Empowered with Life Skills, Chris Supports Himself and Others through the Pandemic
With the increased risk of COVID-19 infections for individuals in congregate living, YAP has strengthened its advocacy for community-based youth and family services alternatives.

YAP’s individualized service plans might include intensive mentoring from neighborhood-based Advocates, education and job training, behavioral health care, and assistance with basic needs. Lebanon, PA YAP’s services for young people with developmental disabilities have empowered 32-year-old Chris with skills to support himself, and in turn, serve others through the pandemic.

YAP in the News
As YAP advocated to restore funding for its programs impacted by COVID-19 related budget cuts, NPR/WNYC reporter Matt Katz went on a fishing trip with YAP Advocate Samuel Barber and 12-year-old Jashsaun for a story about what the program means to youth and families.
In this op-ed, YAP CEO Jeff Fleischer advocated on behalf of program participants and their families and the NJ YAP teams serving them.
(Update: $3 million of the $9.5 million cut from Family Support Services, the area that funds NJ YAP programs impacted by COVID-19-related budget cuts, was restored to the state’s budget. The state’s Department of Children and Families commissioner will issue Requests for Proposal to determine which providers will receive the $3 million.) 
YAP is discussed as part of the solution in this report about how kids can be saved from gun violence in Chicago.
Challenged with the pandemic, YAP’s programs are having success.

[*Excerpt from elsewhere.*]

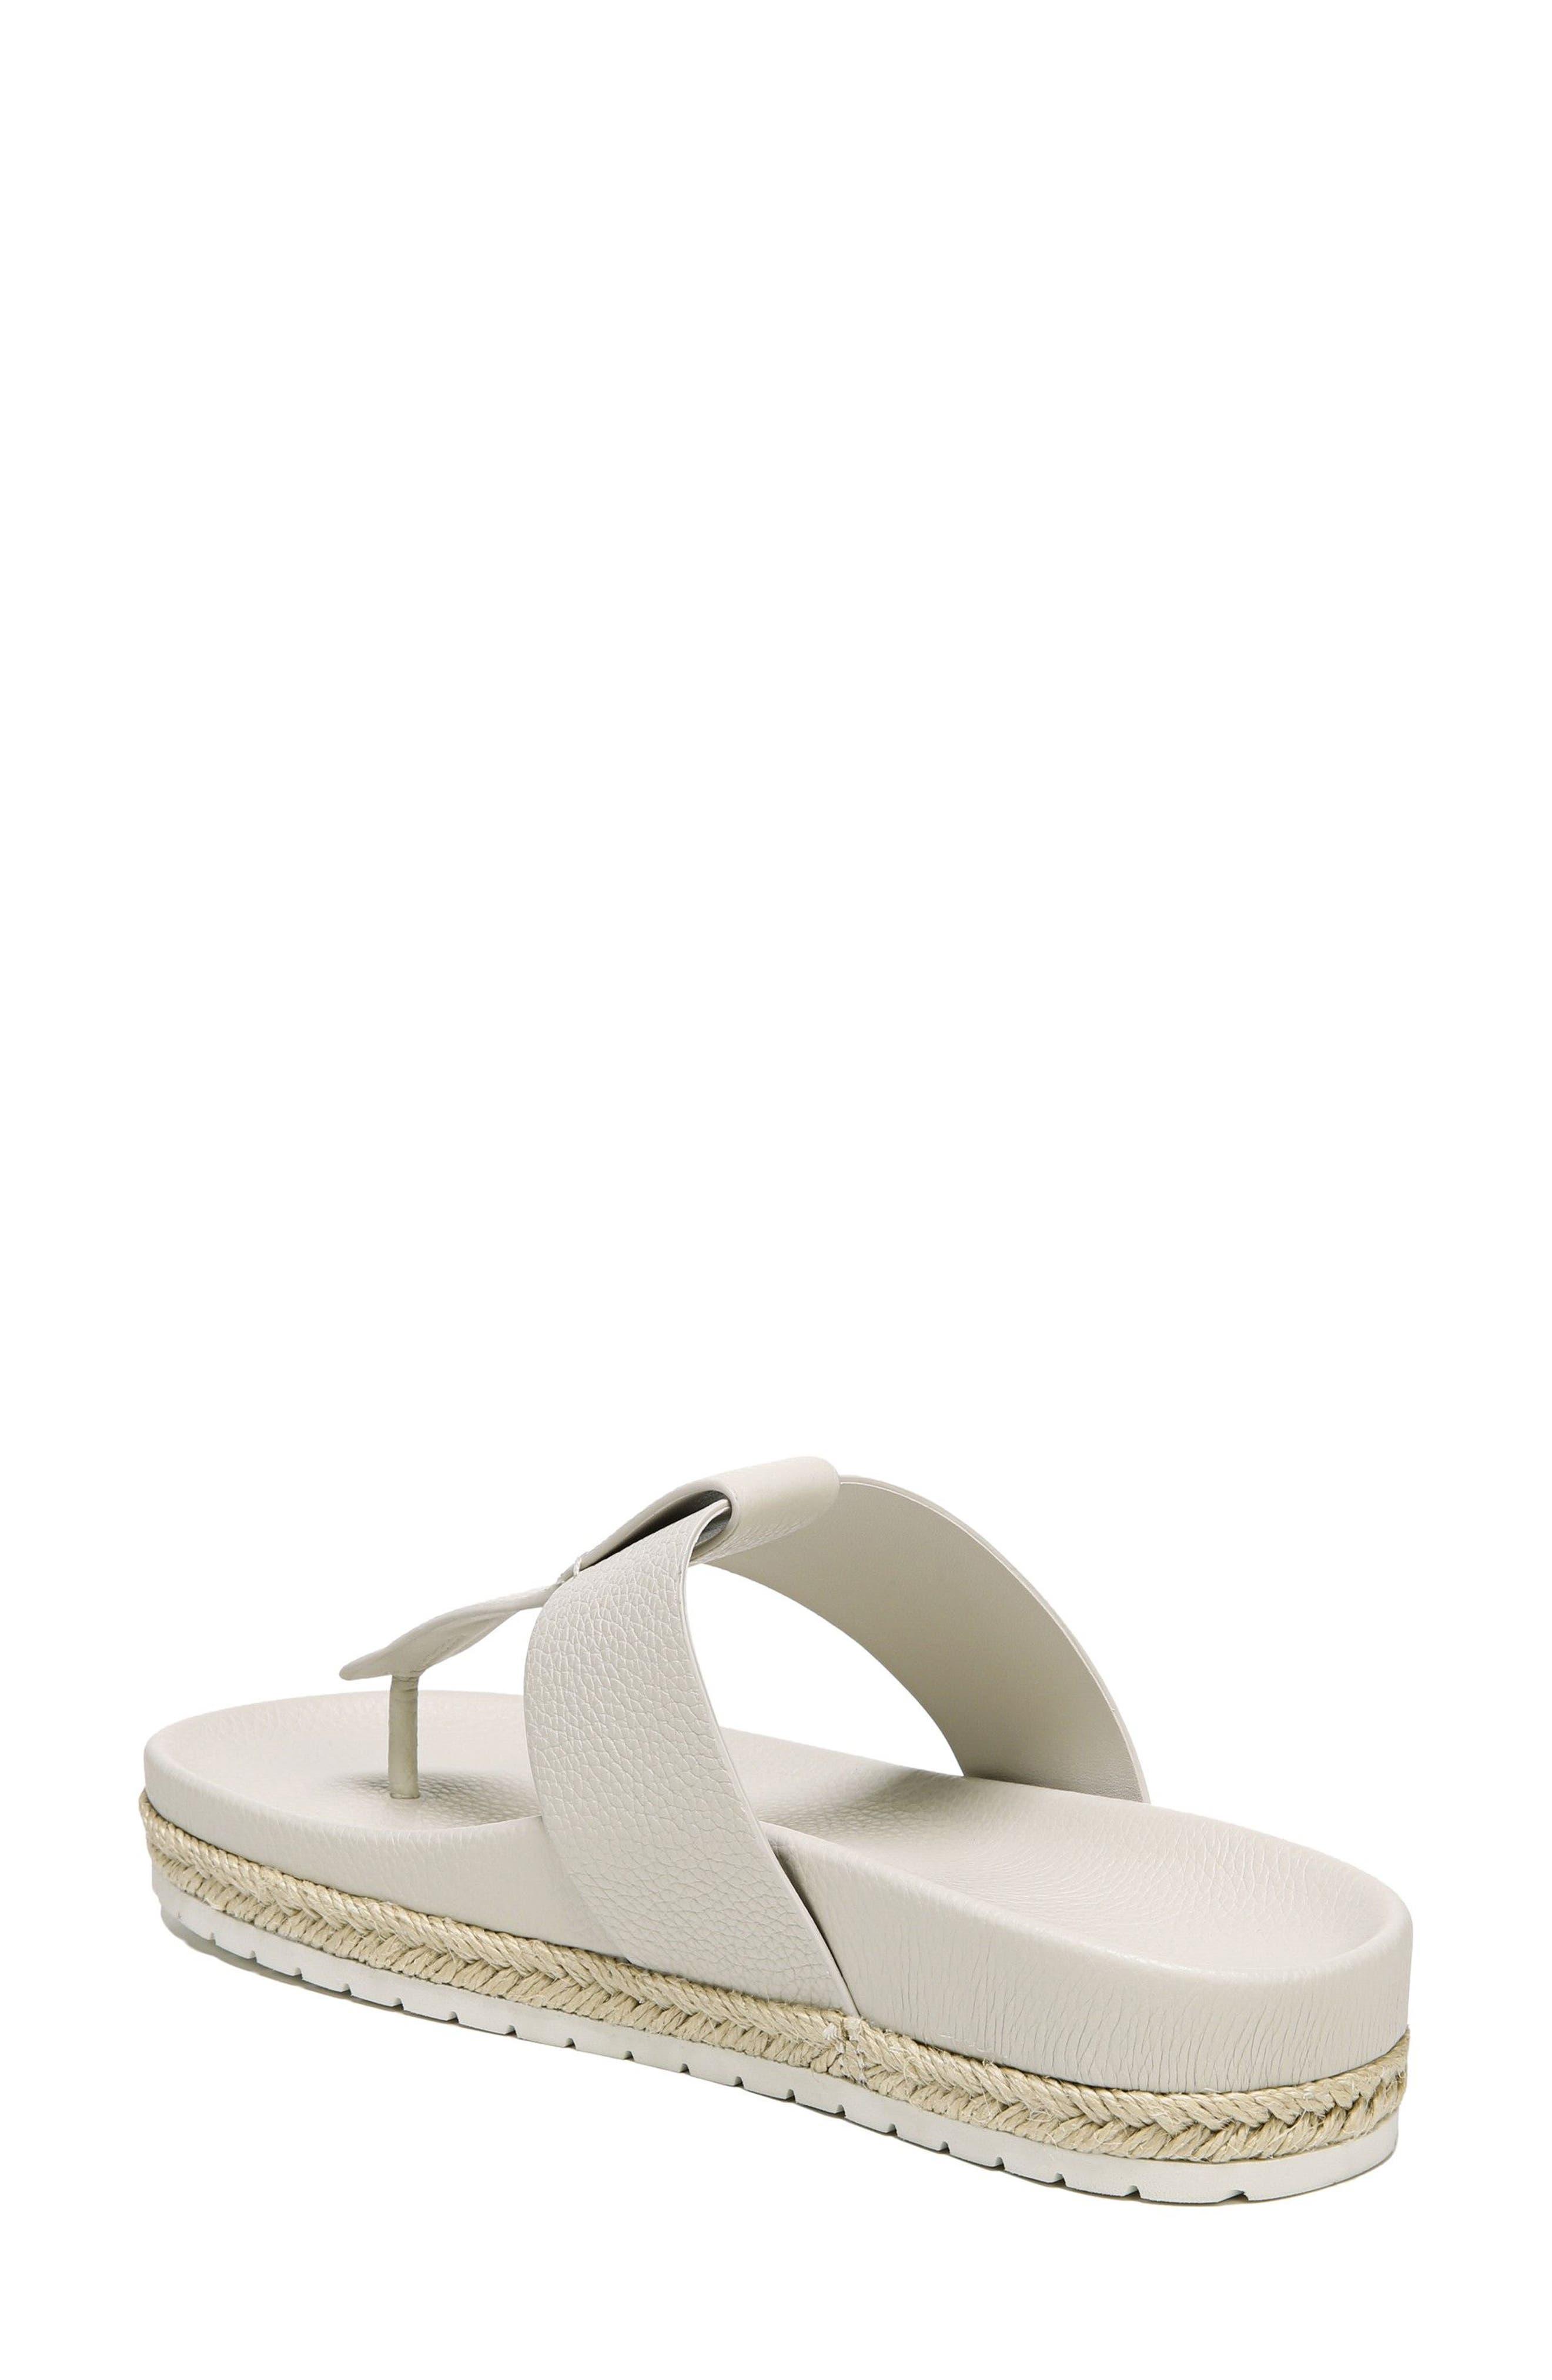 Avani T-Strap Flat Sandal,                             Alternate thumbnail 2, color,                             Oyster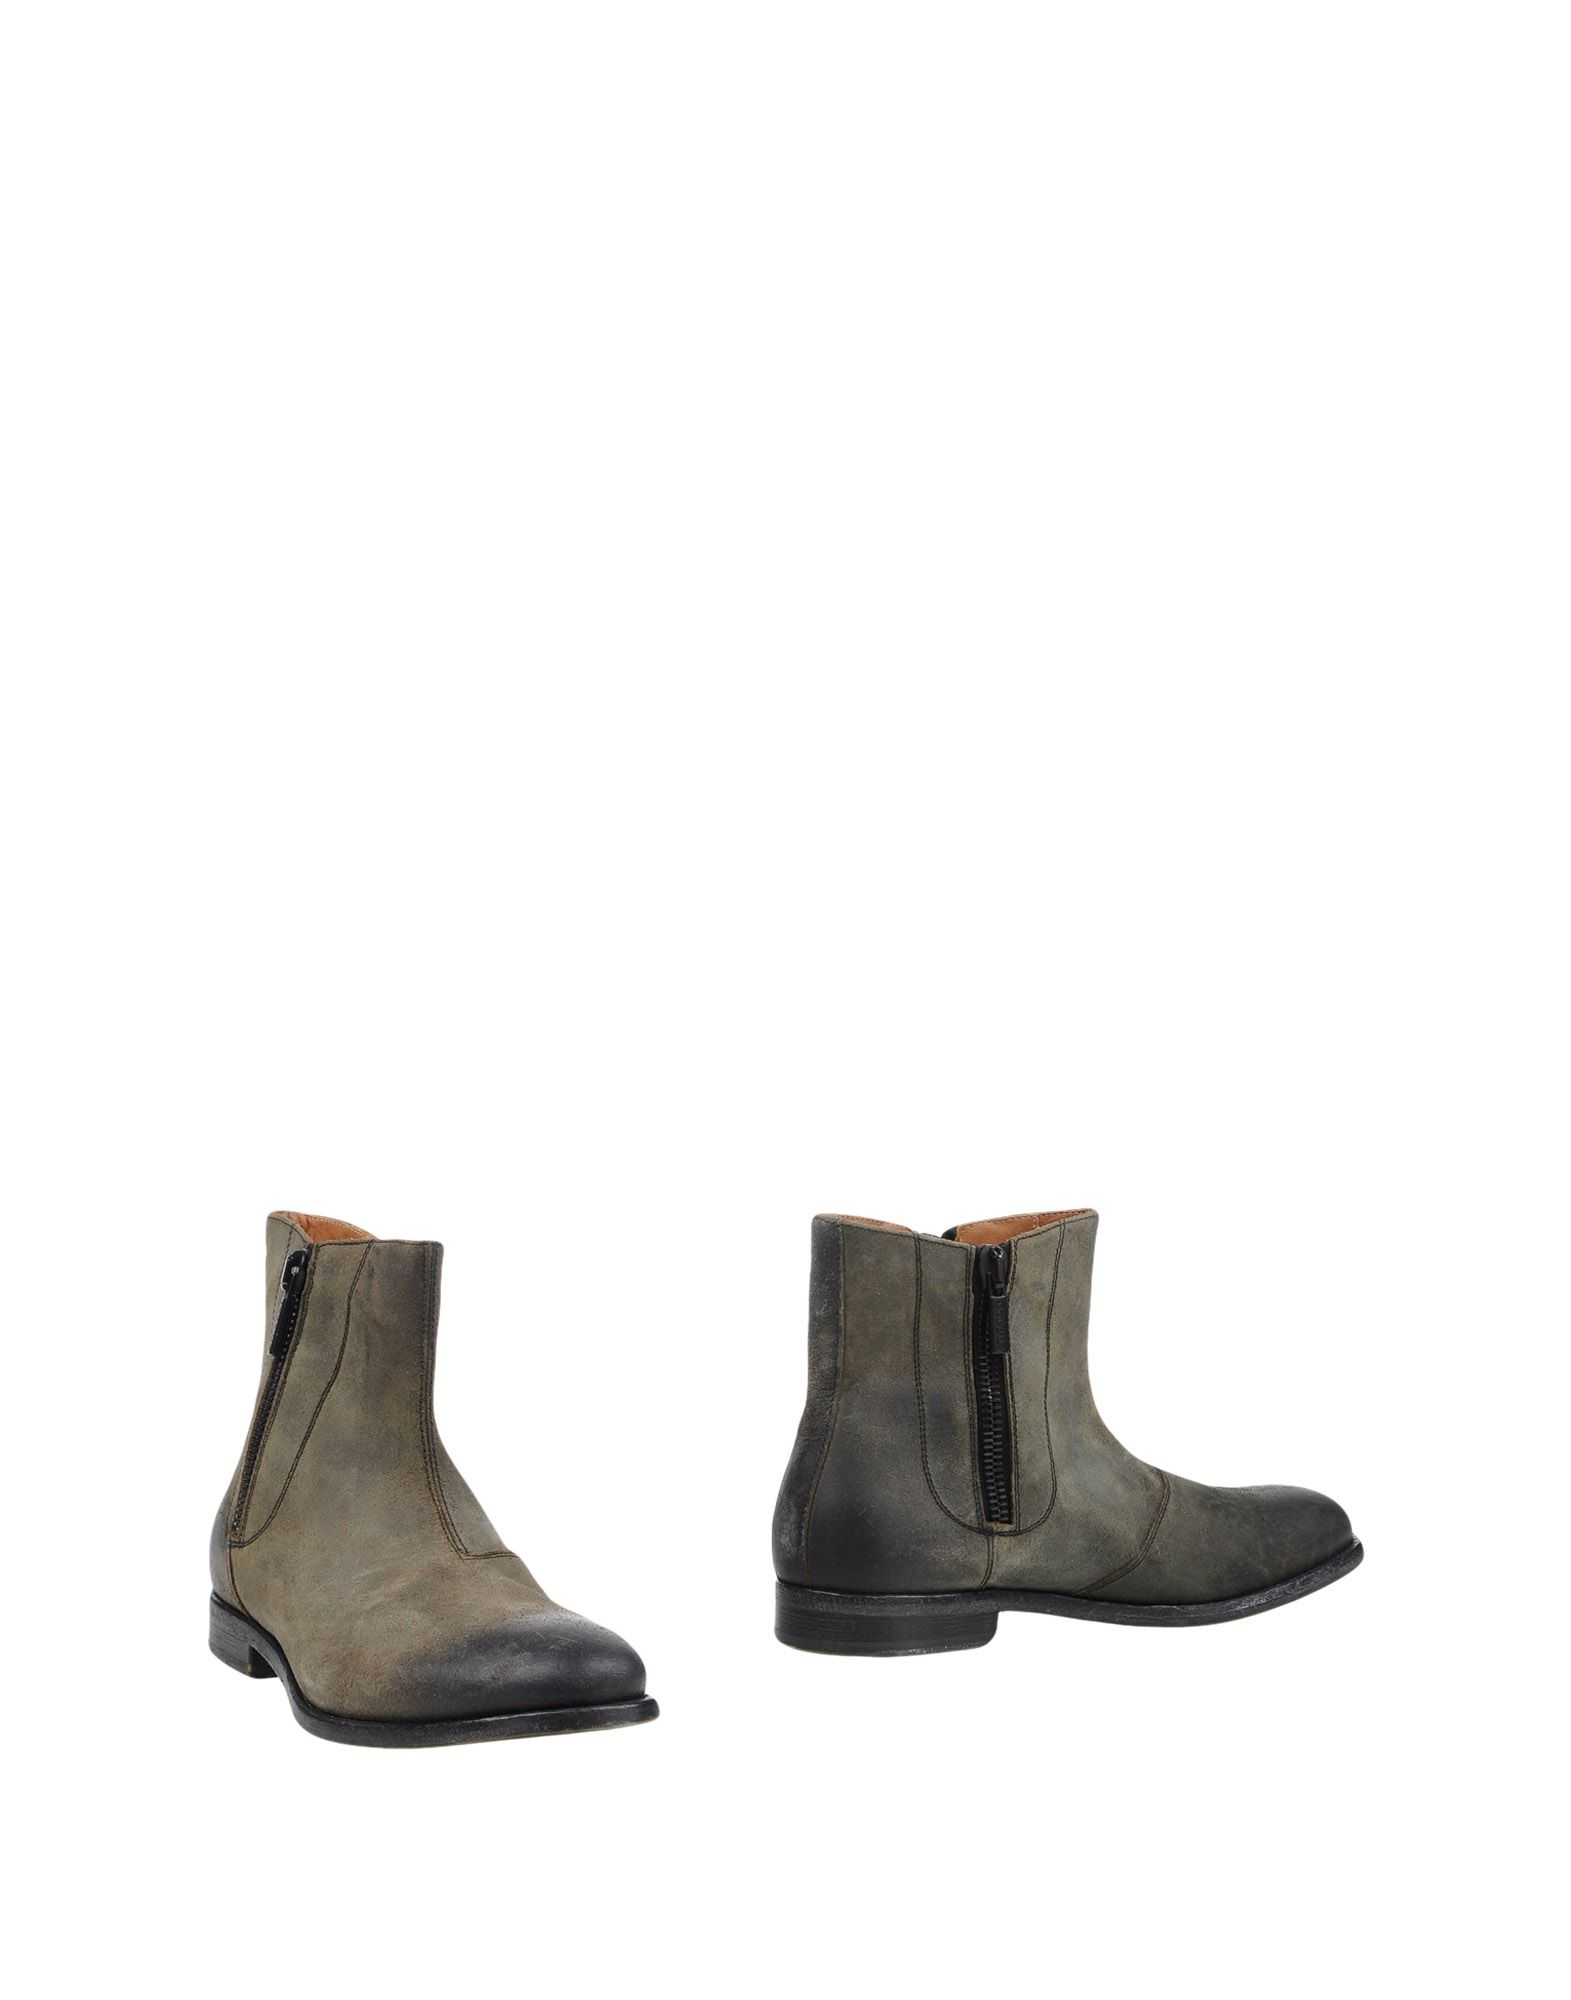 Doucal's Stiefelette Schuhe Herren  11363628HG Heiße Schuhe Stiefelette 200e90

YAP Chicago’s Choose to Change work is mentioned in a New York Times report about how COVID-19 has impacted crime reduction programs.
YAP Roanoke and New River Valley Counties Director Chante Smith did a brief radio interview about how YAP works to keep families together and kids out of institutional placements.
Through her art, 15-year-old Kiara, a participant in YAP’s Developmental Disabilities/Autism program, is expressing herself and advocating for others through her art.